▶ [WORK INSTRUCTION]: The response should be an exact transcription of the data below, free of images.

▶ [SUPPLIED DATA]:
***

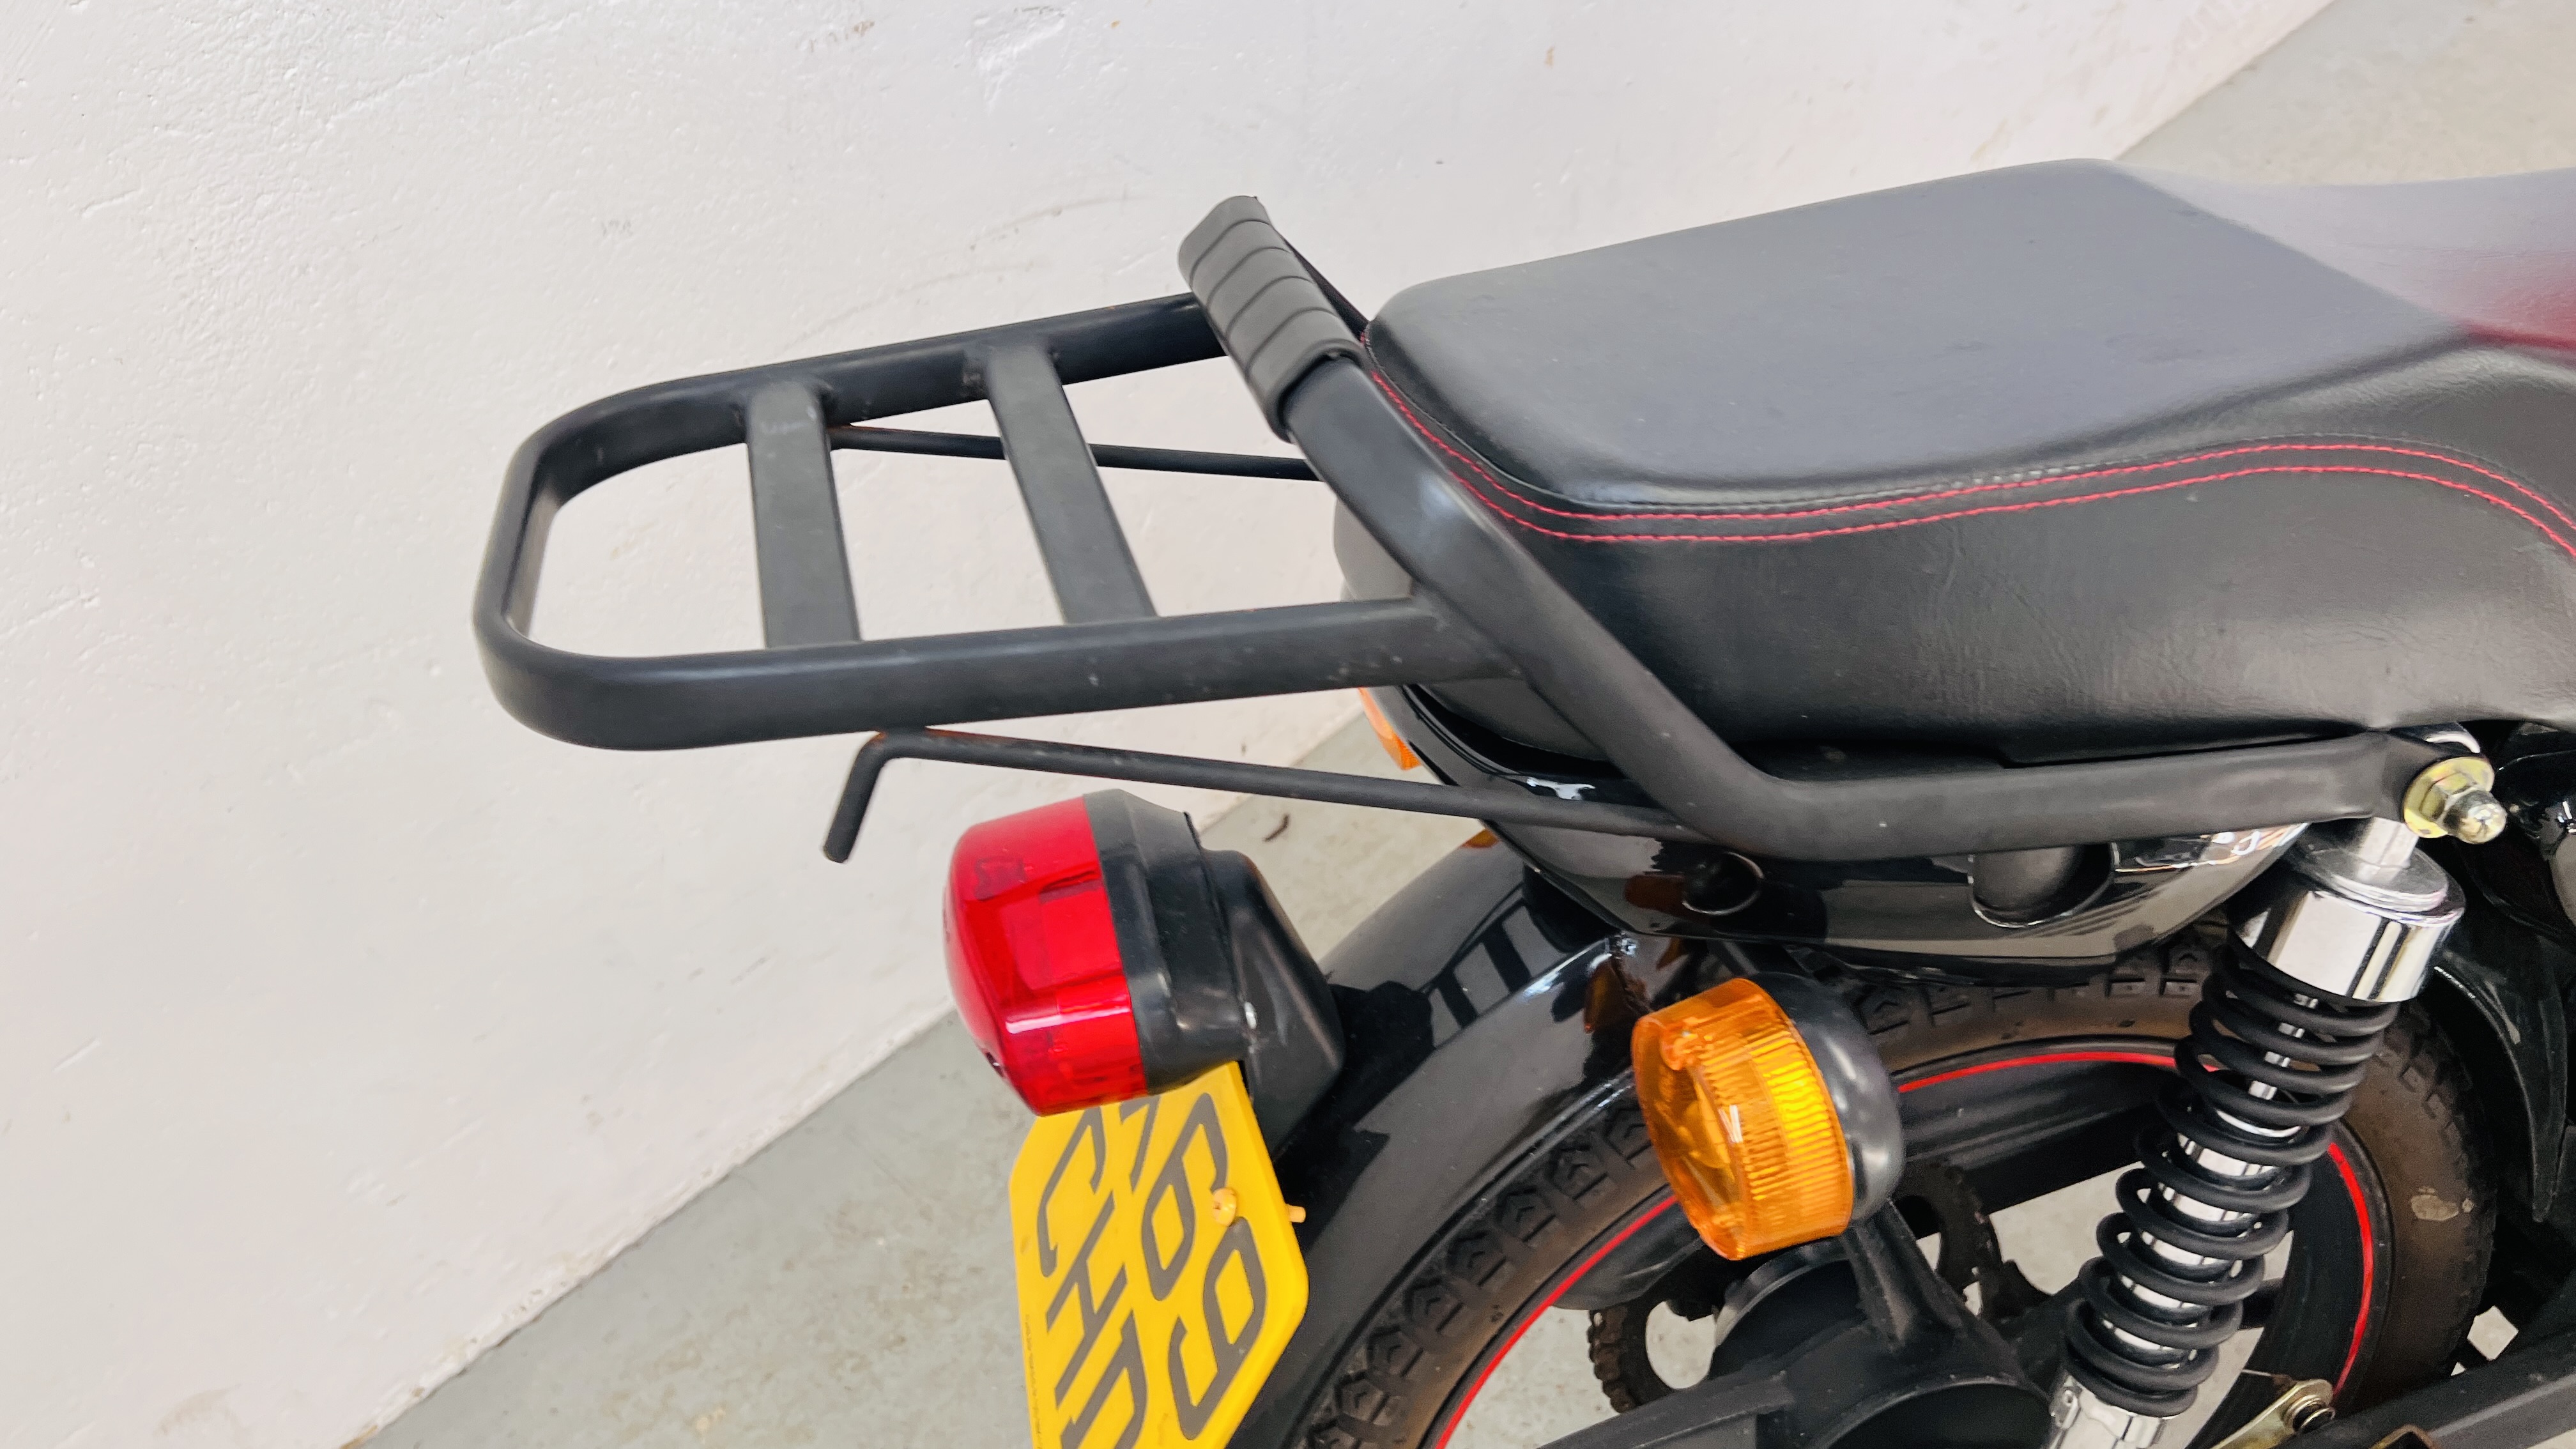 CHAMP 48CC MOTOR CYCLE. VRM - KX69 CHD. FIRST REGISTERED: 01/10/2019. MOT EXPIRED: 30/09/2022. - Image 11 of 22
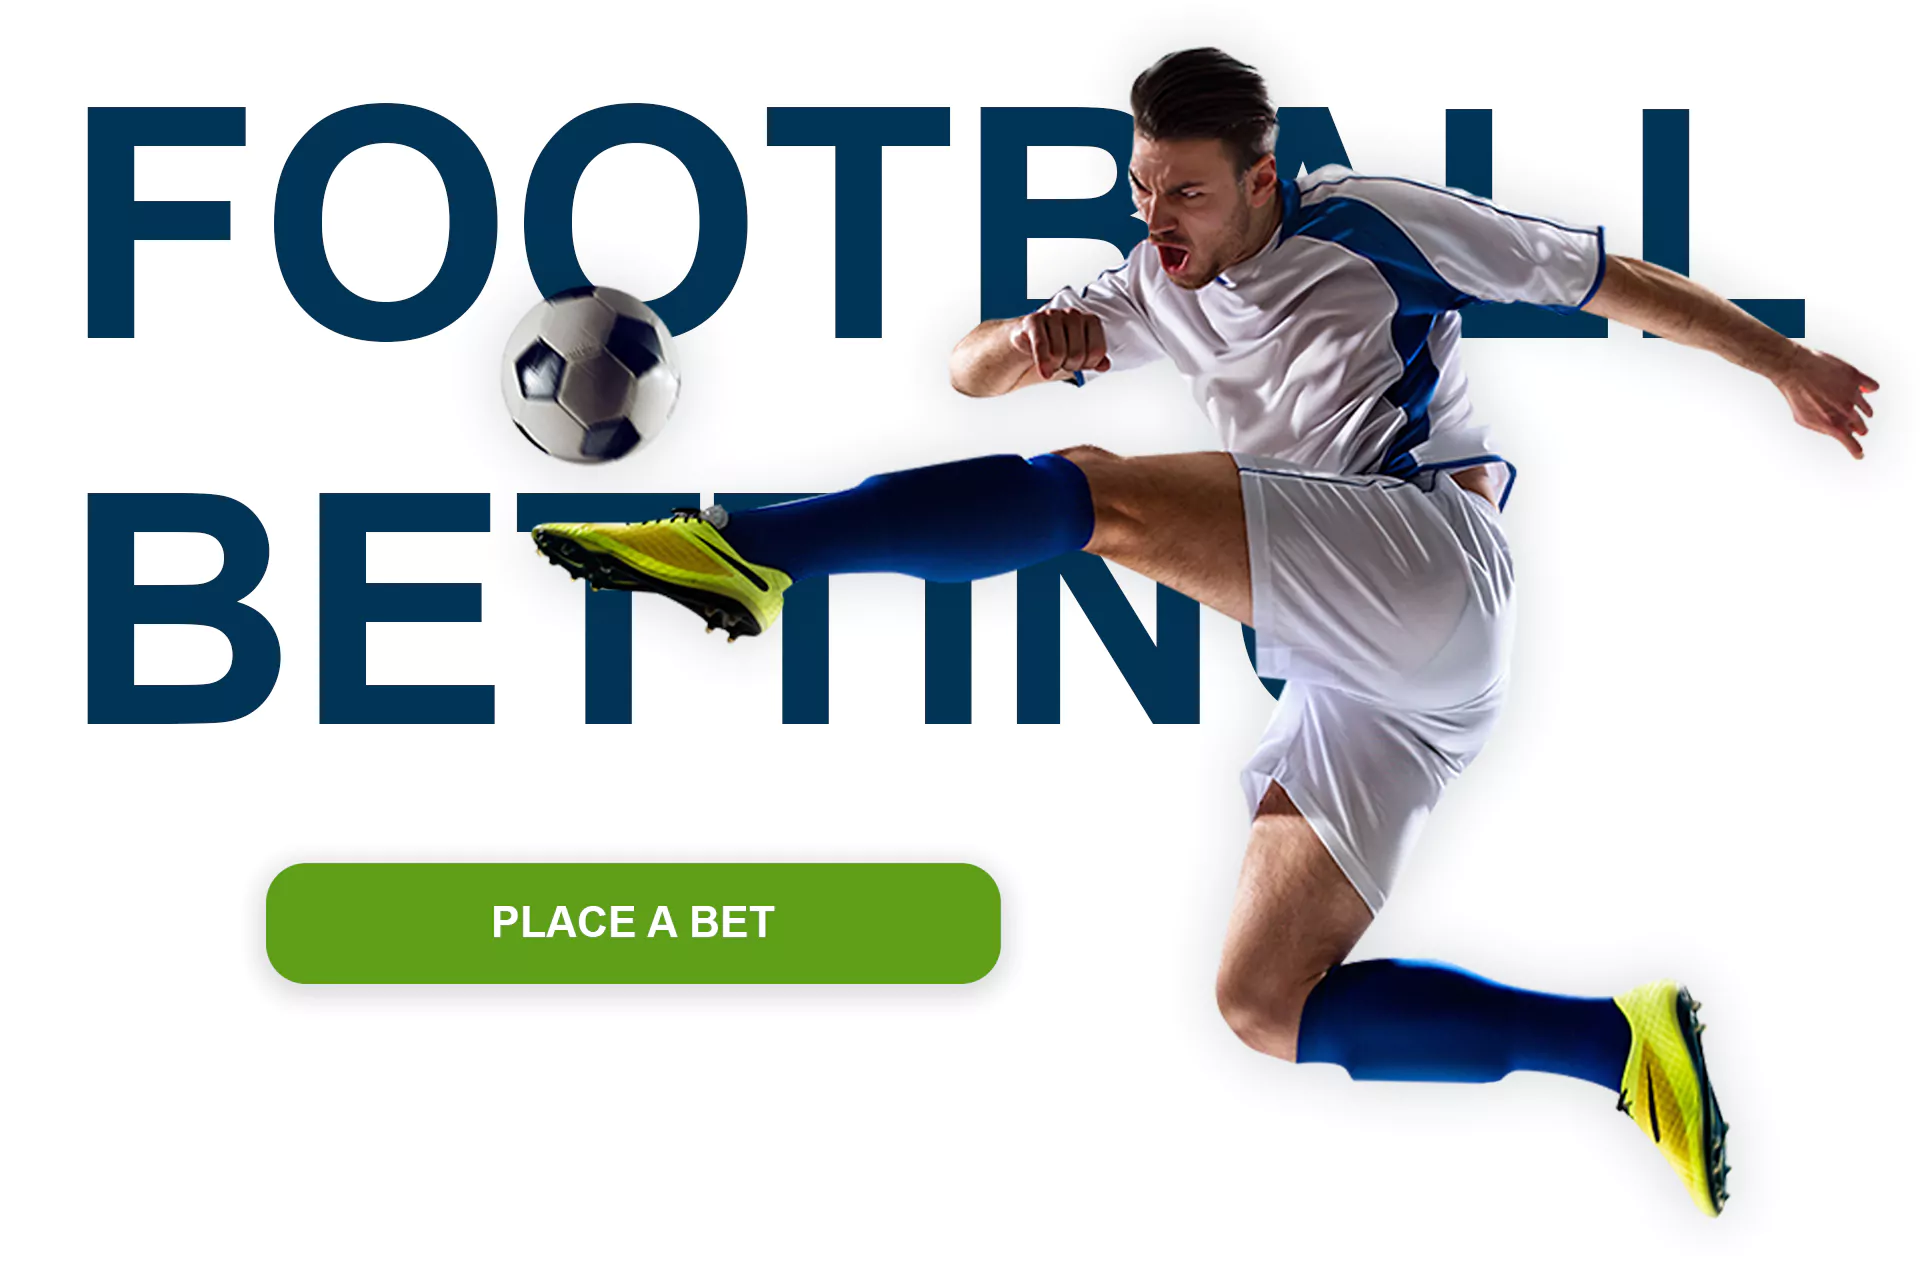 Bet on football online on the official 1xBet website in Bangladesh.
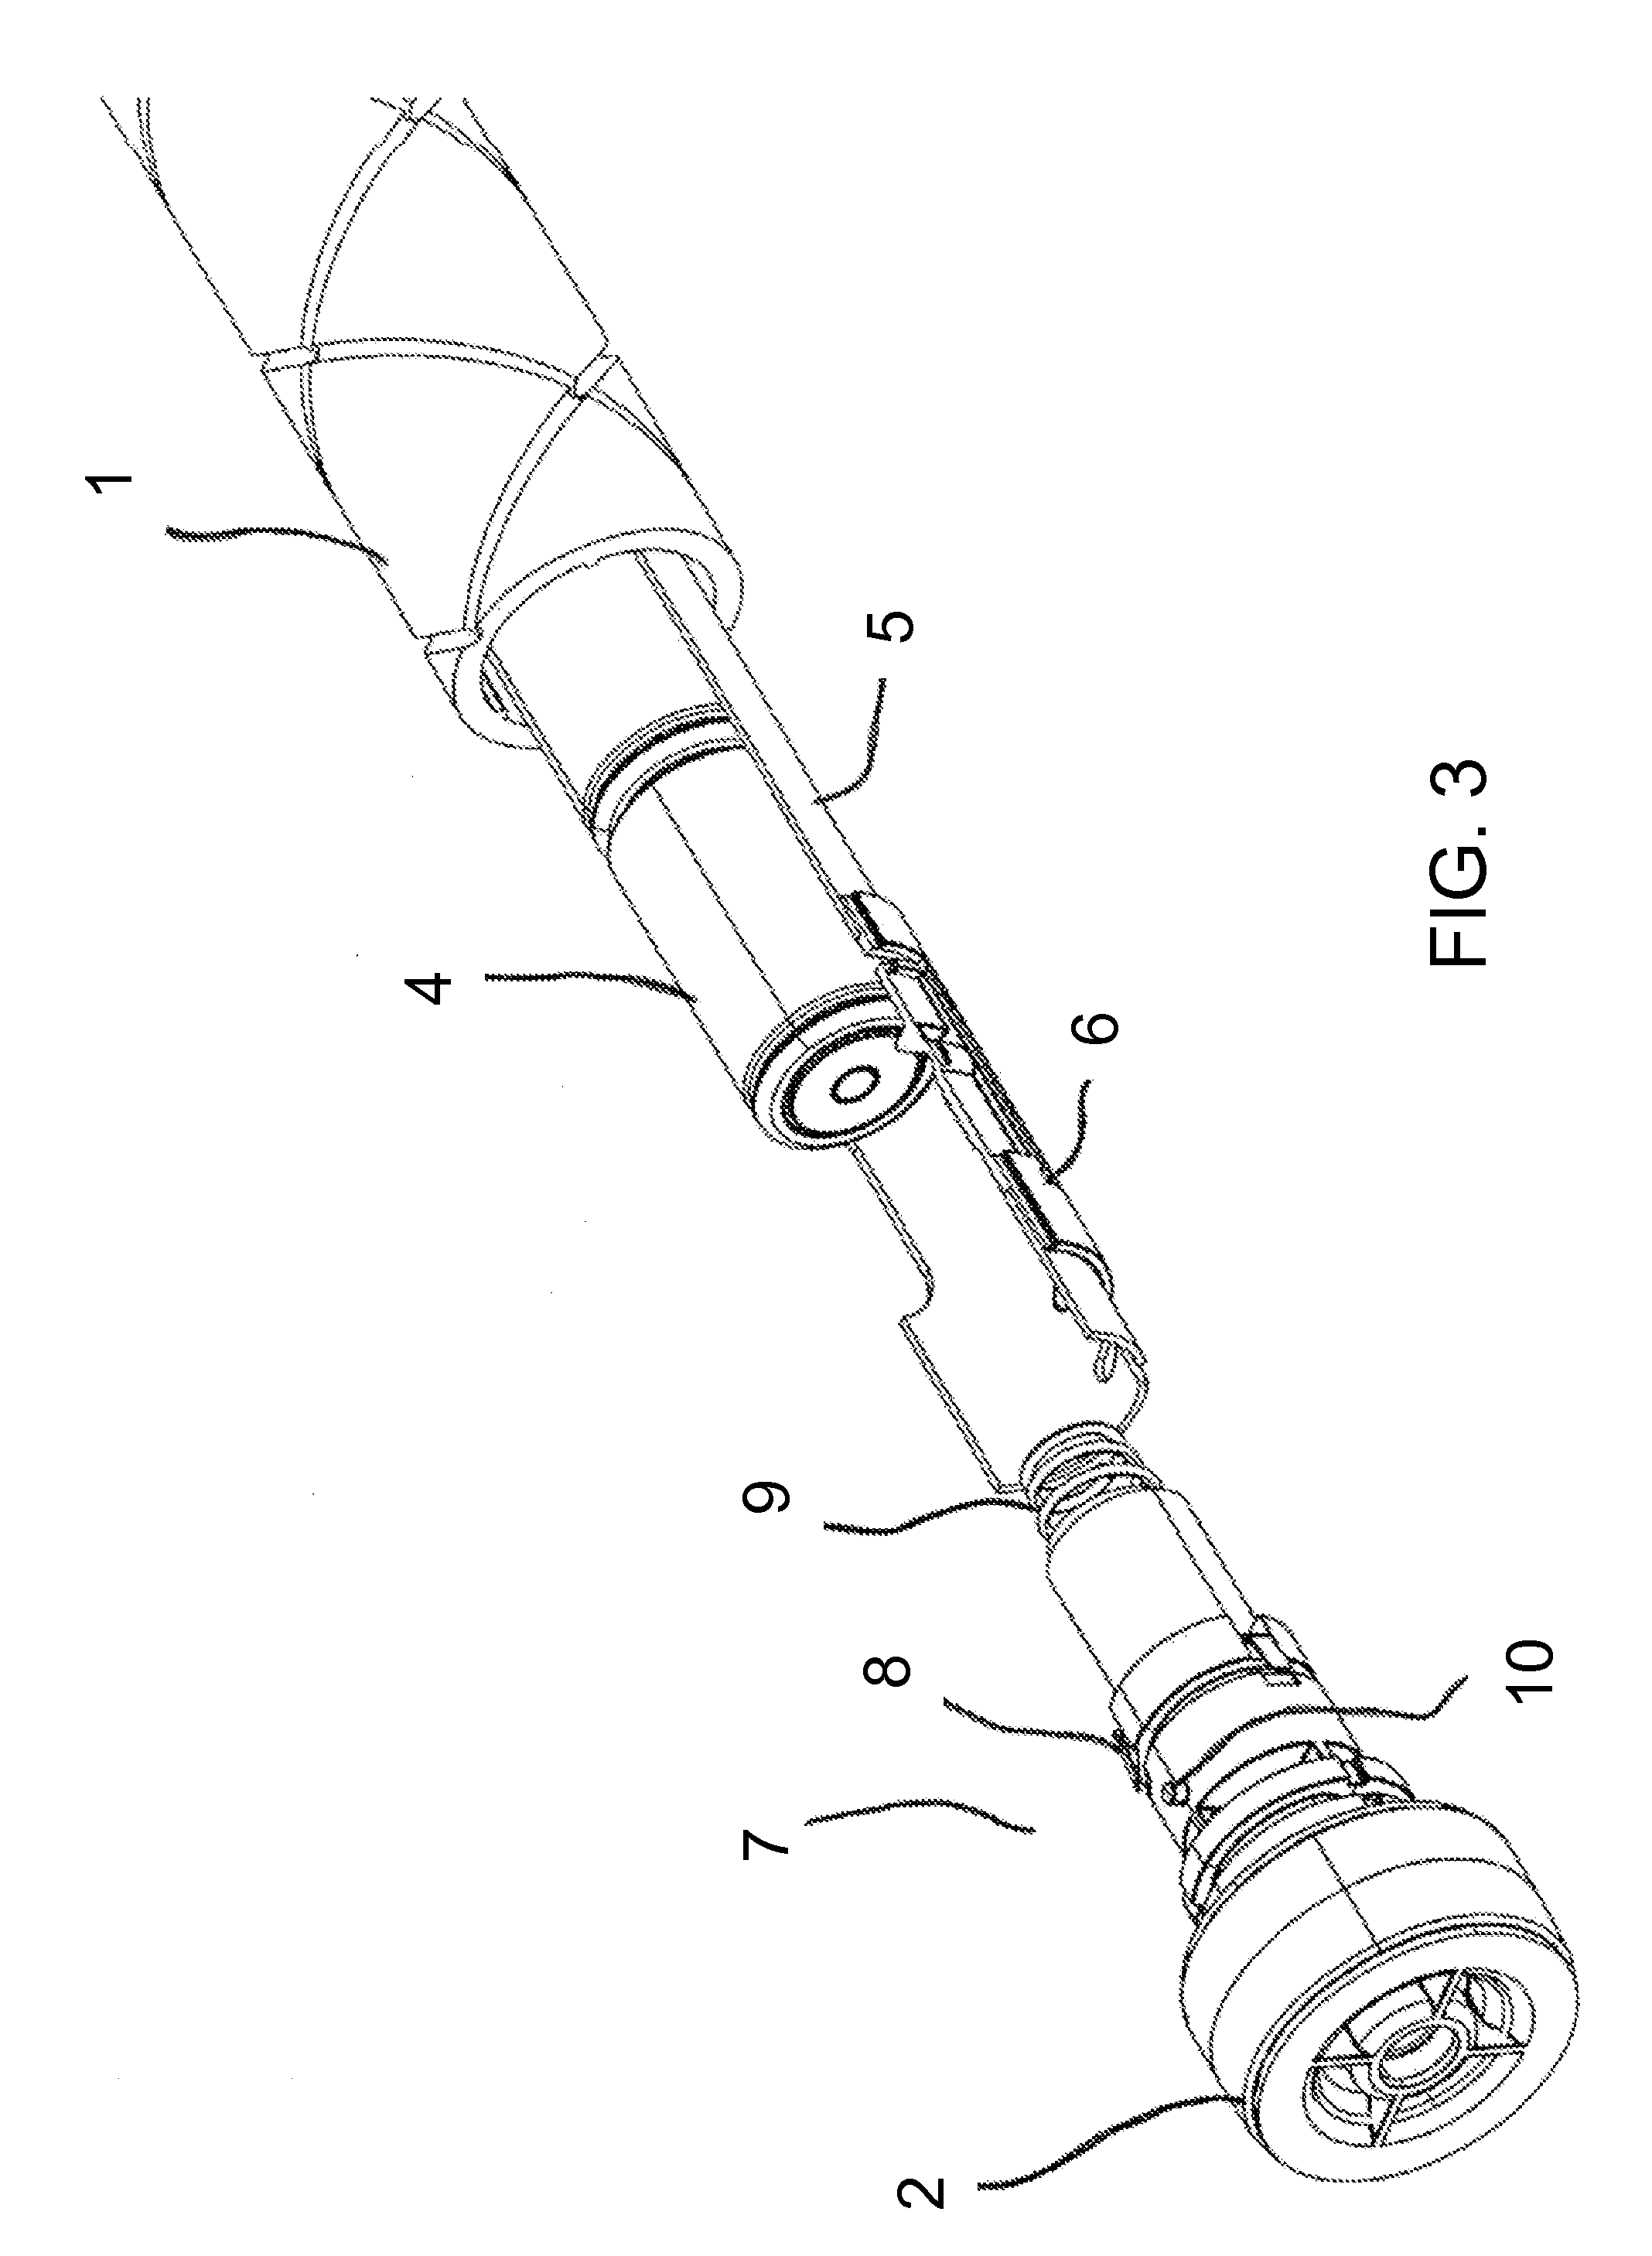 Drapery tube incorporating batteries within the drapery tube, with a stop for facilitating the loading and unloading of the batteries

***

▶ [RESPONSE TO THE TASK]:
 CHAMP 48CC MOTOR CYCLE. VRM - KX69 CHD. FIRST REGISTERED: 01/10/2019. MOT EXPIRED: 30/09/2022. - Image 11 of 22
 Bet on football online on the official 1xBet website in Bangladesh.
 Drapery tube incorporating batteries within the drapery tube, with a stop for facilitating the loading and unloading of the batteries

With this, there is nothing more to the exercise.